Whether 68,000 or 24,000-- it's more than 2,400 right? Why call it "her" algorithm, then?
Because there's more than one algorithm being referenced here. These people just don't realize it.
I'll work my way backward because it's easier to explain that way.
The photo that everyone is looking at, the world famous black hole photo? It's actually a composite photo. It was generated by an algorithm credited to Mareki Honma. Honma's algorithm, based on MRI technology, is used to "stitch together" photos and fill in the missing pixels by analyzing the surrounding pixels.
But where did the photos come from that are composited into this photo?
The photos making up the composite were generated by 4 separate teams, led by Katie Bouman and Andrew Chael, Kazu Akiyama and Sara Issaoun, Shoko Koyama, Jose L. Gomez, and Michael Johnson. Each team was given a copy of the black hole data and isolated from each other. Between the four of them, they used two techniques - an older, traditional one called CLEAN, and a newer one called RML - to generate an image.
The purpose of this division and isolation of teams was deliberately done to test the accuracy of the black hole data they were all using. If four isolated teams using different algorithms all got similar results, that would indicate that the data itself was accurate.
And lo, that's exactly what happened. The data wasn't just good, it's the most accurate of its kind. 5 petabytes (millions of billions of bytes) worth of accurate black hole data.
But where did the data come from?
Eight radio telescopes around the world trained their attention on the night sky in the direction of this black hole. The black hole is some ungodly distance away, a relative speck amidst billions of celestial bodies. And what the telescopes caught was not only the data of the black hole but the data of everything else as well.
Data that would need to be sorted.
Clearly, it's not the sort of thing you can sort by hand. To separate the wheat (one specific black hole's data) from the chaff (literally everything else around and between here and there) required an algorithm that could identify and single it out, calculations that were crunched across 800 CPUs on a 40Gbit/s network. And given that the resulting black hole-specific data was 5 petabytes (hundreds of pounds worth of hard drives!) you can imagine that the original data set was many times larger.
The algorithm that accomplished this feat was called CHIRP, short for "Continuous High-resolution Image Reconstruction using Patch priors".
CHIRP was created by Katie Bouman.
At the age of 23, she knew nothing about black holes. Her field is computer science and artificial intelligence, topics she'd been involved in since high school. She had a theory about the shadows of black holes, and her algorithm was designed to find those shadows. Katie Bouman used a variety of what MIT called "clever algebraic solutions" to overcome the obstacles involved in creating the CHIRP algorithm. And though she had a team working to help her, her name comes first on the peer-reviewed documentation.
It's called the CHIRP algorithm because that's what she named it. It's the only reason these images could be created, and it's responsible for creating some of the images that were incorporated into the final image. It's the algorithm that made the effort of collecting all that data worth it. Any data analyst can tell you that you can't analyze or visualize data until it's been prepared first. Cleaned up. Narrowed down to the important information.

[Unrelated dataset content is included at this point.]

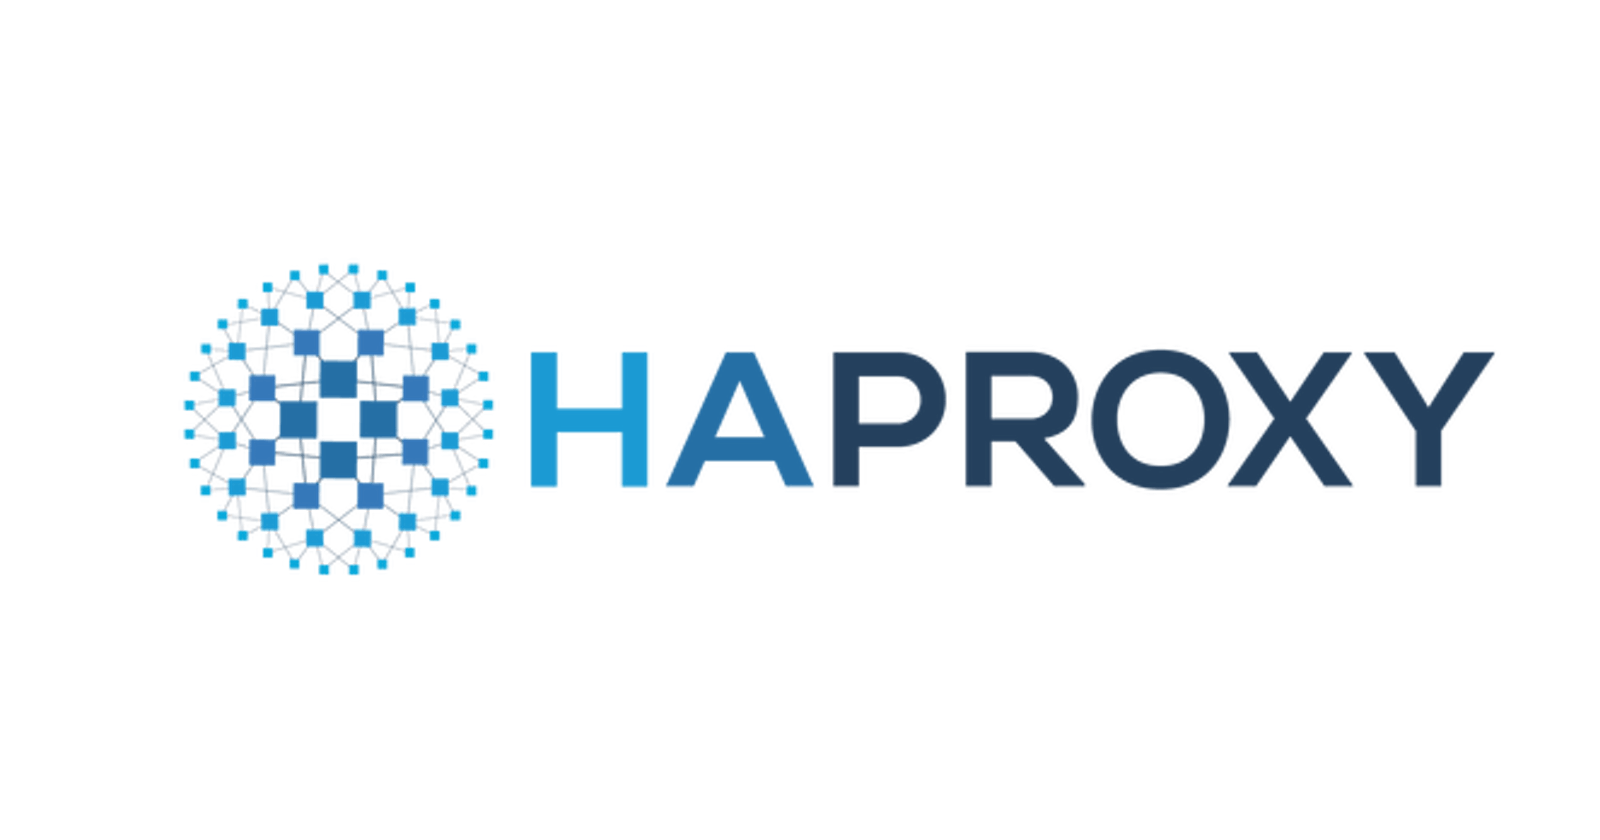 Install and Configure HAProxy LBR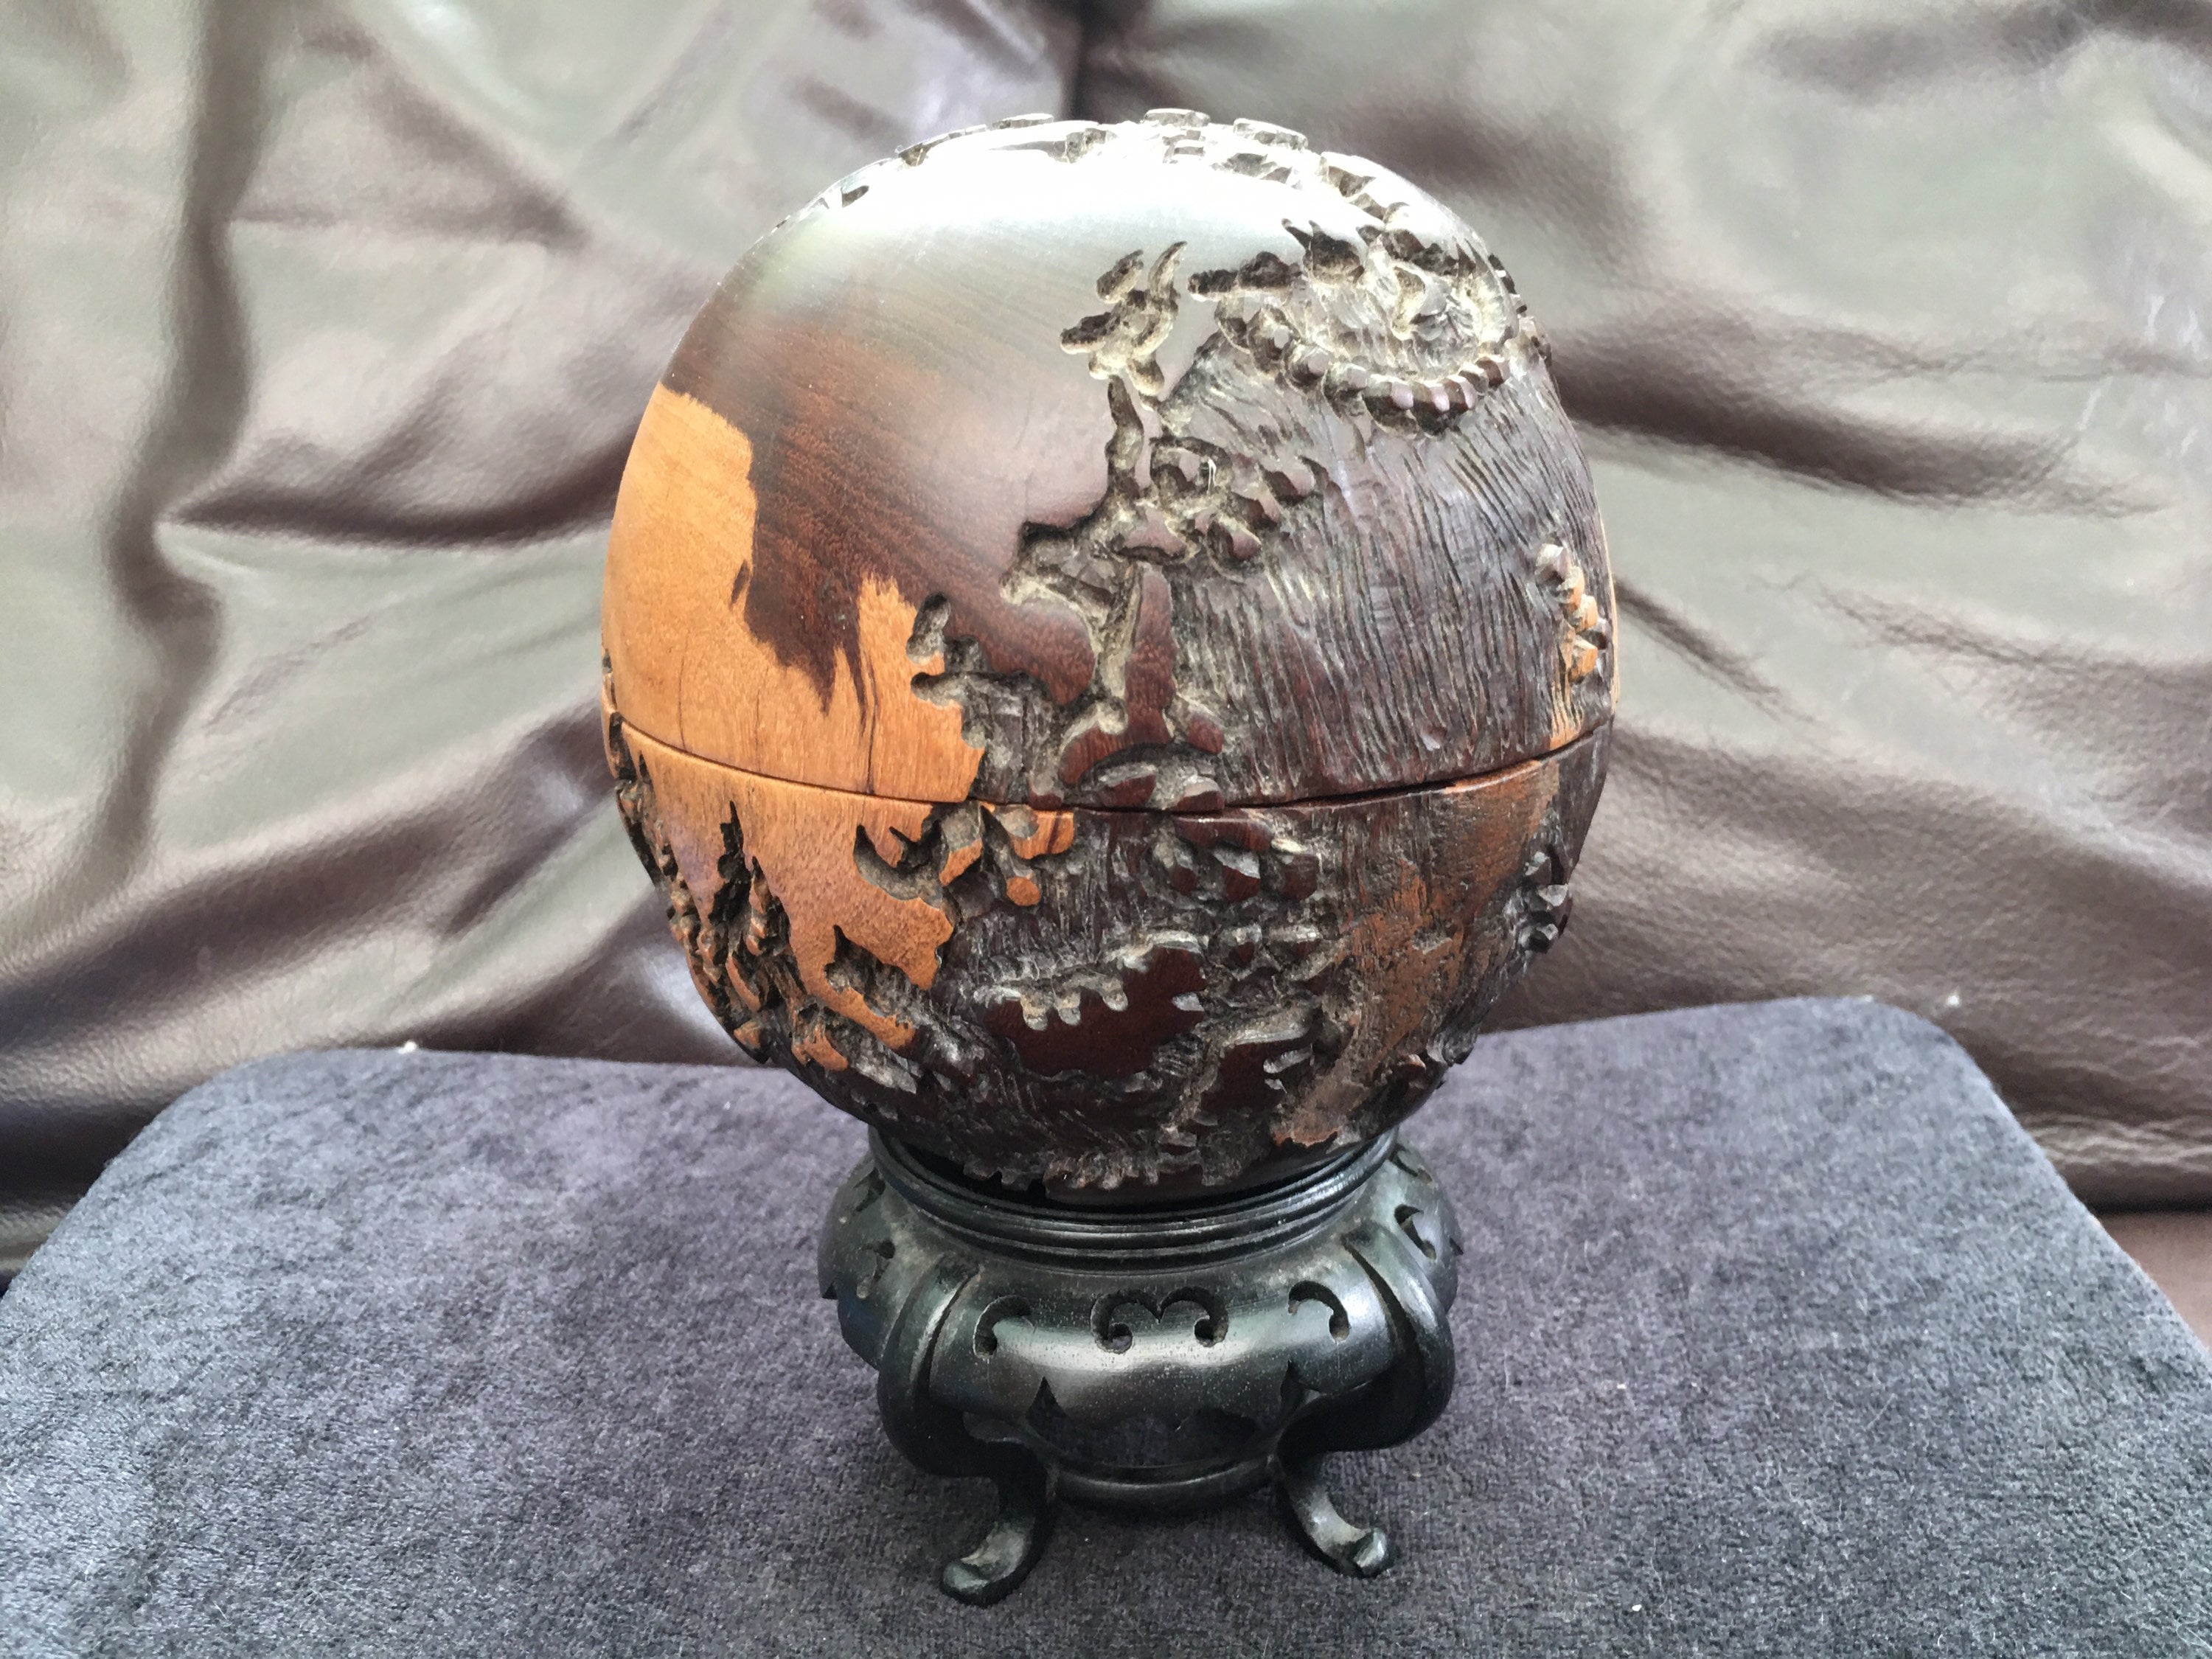 Globe Wall Art, the World is Yours, Wood Sign, Scarface

That's what Katie Bouman did, and after working as a data analyst for two years with a focus on this exact thing - data transformation - I can tell you it's not easy. It's not easy on the small data sets I worked with, where I could wind up spending a week looking for the patterns in a 68K Excel spreadsheet containing only one month's worth of programming for a single TV station!
Katie Bouman's 2,400 line contribution to Andrew Chael's work is on top of all of her other work. She spent five years developing and refining the CHIRP algorithm before leading four teams in testing the data created. The data collection phase of this took 10 days in April 2017, when the eight telescopes simultaneously trained their gazes towards the black hole.
This photo was ultimately created as a way to test Katie Bouman's algorithm for accuracy. MIT says that it's frequently more accurate than similar predecessors. And it is the algorithm that gave us our first direct image of a black hole.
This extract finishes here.